DGRAPH_THREADS The number of threads the Dgraph starts with. Oracle recommends the following:
  • For machines running only the Dgraph, the number of threads should be equal to the number of CPU cores on the machine.
  • For machines running the Dgraph and other BDD components, the number of threads should be the number of CPU cores minus 2. For example, a machine with 4 cores should have 2 threads.

The value you specify must be greater than 2. Be sure that the number you use is in compliance with the licensing agreement.

If you leave this property blank, it will default to the number of CPU cores minus 2.

DGRAPH_CACHE The size of the Dgraph cache, in MB. Only specify the number; don't include MB.

If you leave this property blank, it will default to either 50% of the node's available RAM or the total mount of free memory minus 2GB (whichever is larger).

Oracle recommends allocating at least 50% of the node's available RAM to the Dgraph cache. If you later find that queries are getting cancelled because there isn't enough available memory to process them, experiment with gradually decreasing this amount.

COORDINATOR_INDEX The index of the Dgraph cluster in the ZooKeeper ensemble, which ZooKeeper uses to identify it.

Note that this property is not related to the Dgraph index.

DGRAPH_INDEX_NAME The name of the Dgraph index, which will be located in the directory defined by DGRAPH_INDEX_DIR.

If you have an index, set this to its name, but don't include _indexes.

Note: If your index happens to be named base, you should rename it before installing. Otherwise, the installer will overwrite it with the empty indexes.

If you don't have an index, leave this property set to base. This tells the installer to create an empty index called base_indexes in the DGRAPH_INDEX_DIR.

Data Processing settings

This section configures Data Processing and the Hive Table Detector.

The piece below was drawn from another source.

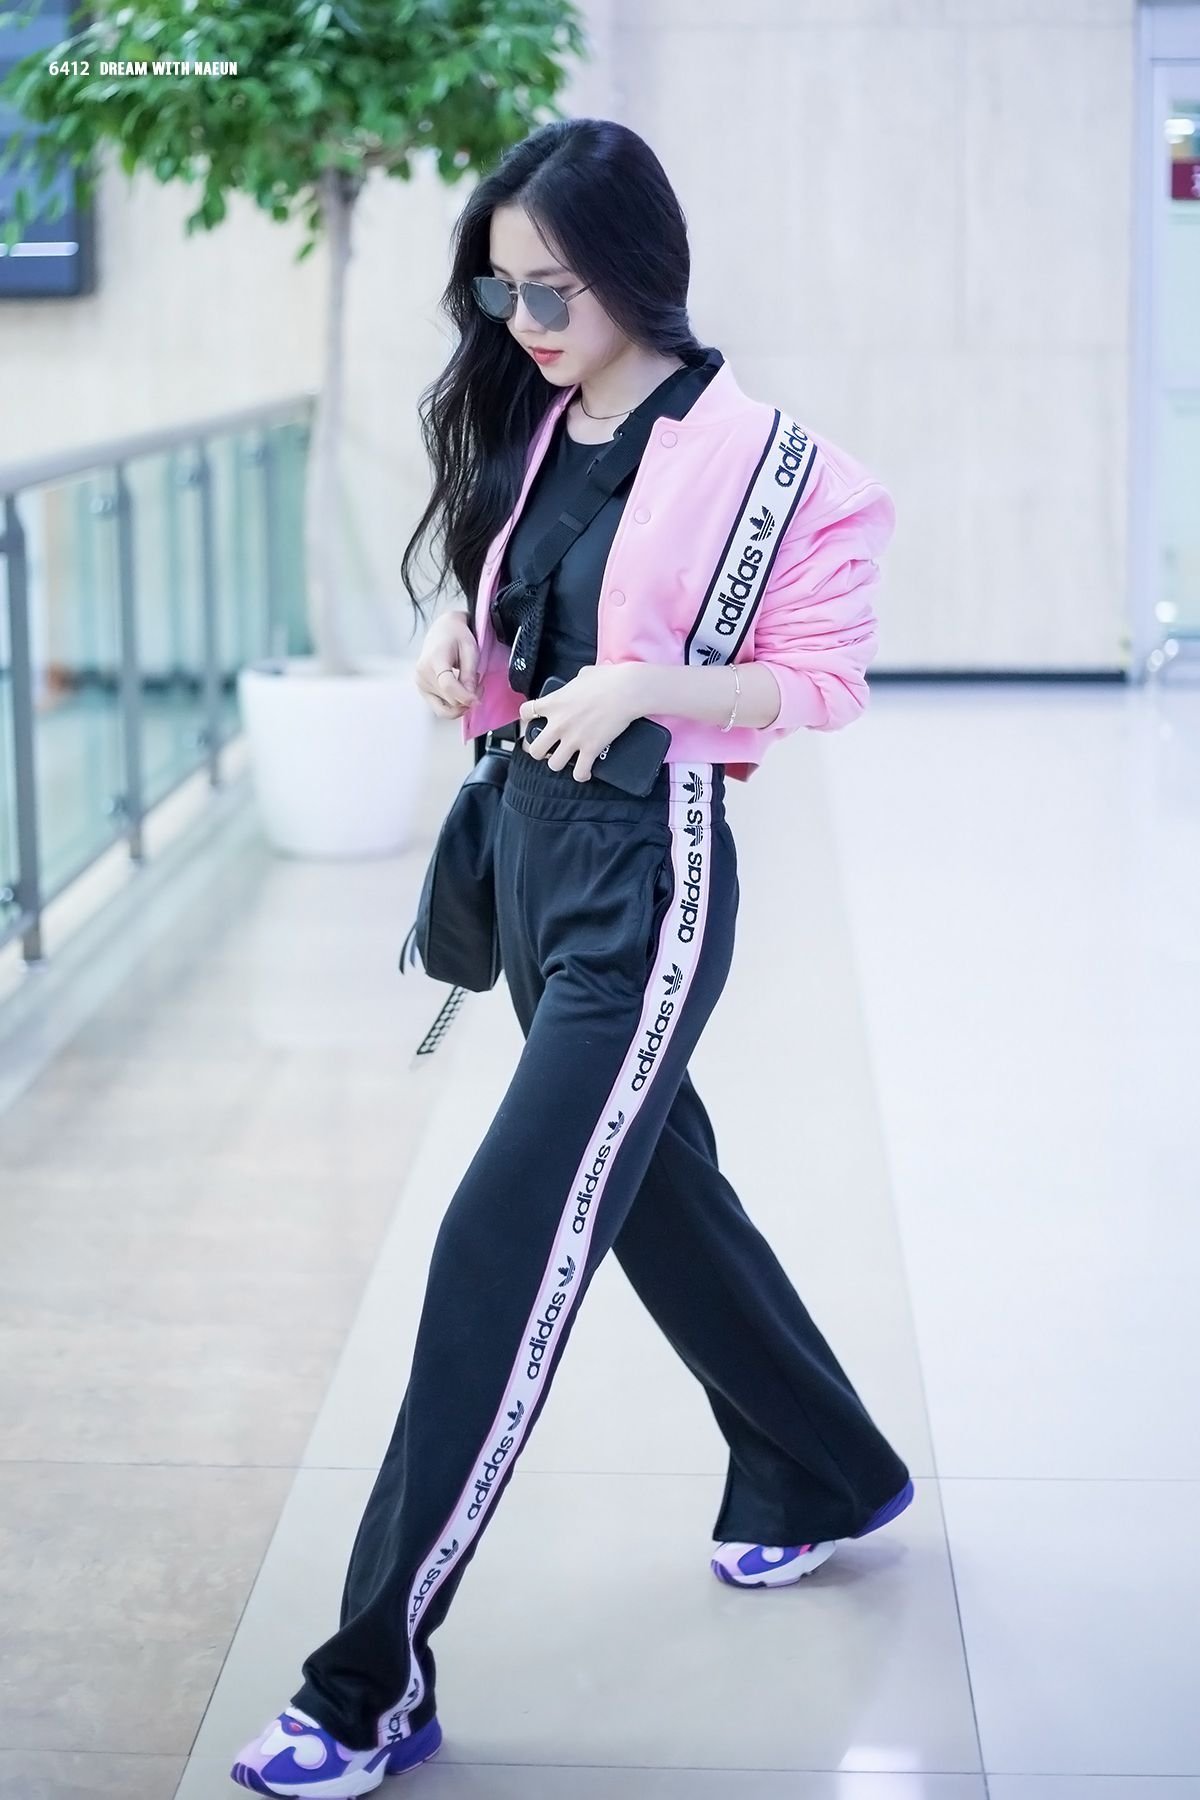 Корейские спортивные костюмы. Спортивный костюм Корея. Спортивный костюм Корея женский. Корейский спортивный костюм для девушек. Корейские спортивные костюмы женские

Configuration property Description and possible settings
HDFS_DP_USER_DIR The location within the HDFS /user directory that stores the Avro files created when users export data from BDD. The installer will create this directory if it doesn't already exist. The name of this directory must not include spaces or slashes (/).
YARN_QUEUE The YARN queue Data Processing jobs are submitted to.
HIVE_DATABASE_NAME The name of the Hive database that stores the source data for Studio data sets.

The default value is default. This is the same as the default value of DETECTOR_HIVE_DATABASE, which is used by the Hive Table Detector. It is possible to use different databases for these properties, but it is recommended that you start with one for a first time installation.

SPARK_ON_YARN_JAR The absolute path to the Spark on YARN jar on your Hadoop nodes. This will be added to the CLI classpath.
There are three templates for this property. Copy the value of the template that corresponds to your Hadoop distribution to SPARK_ON_YARN_JAR and update its value as follows:
  • If you have CDH, use the first template and set it to the absolute path to spark-assembly.jar.
  • If you have HDP 2.2.x, use the second template and set it to the absolute paths to hive-exec.jar and spark-assembly.jar, separated by a colon:
    <path/to/hive-exec.jar>:<path/to/spark-assembly.jar>
  • If you have HDP 2.3.x, use the third template and set it to the absolute paths to the Hive version of hive-metastore.jar and to spark-assembly.jar, separated by a colon:
    <path/to/hive-metastore.jar>:<path/to/spark-assemply.jar>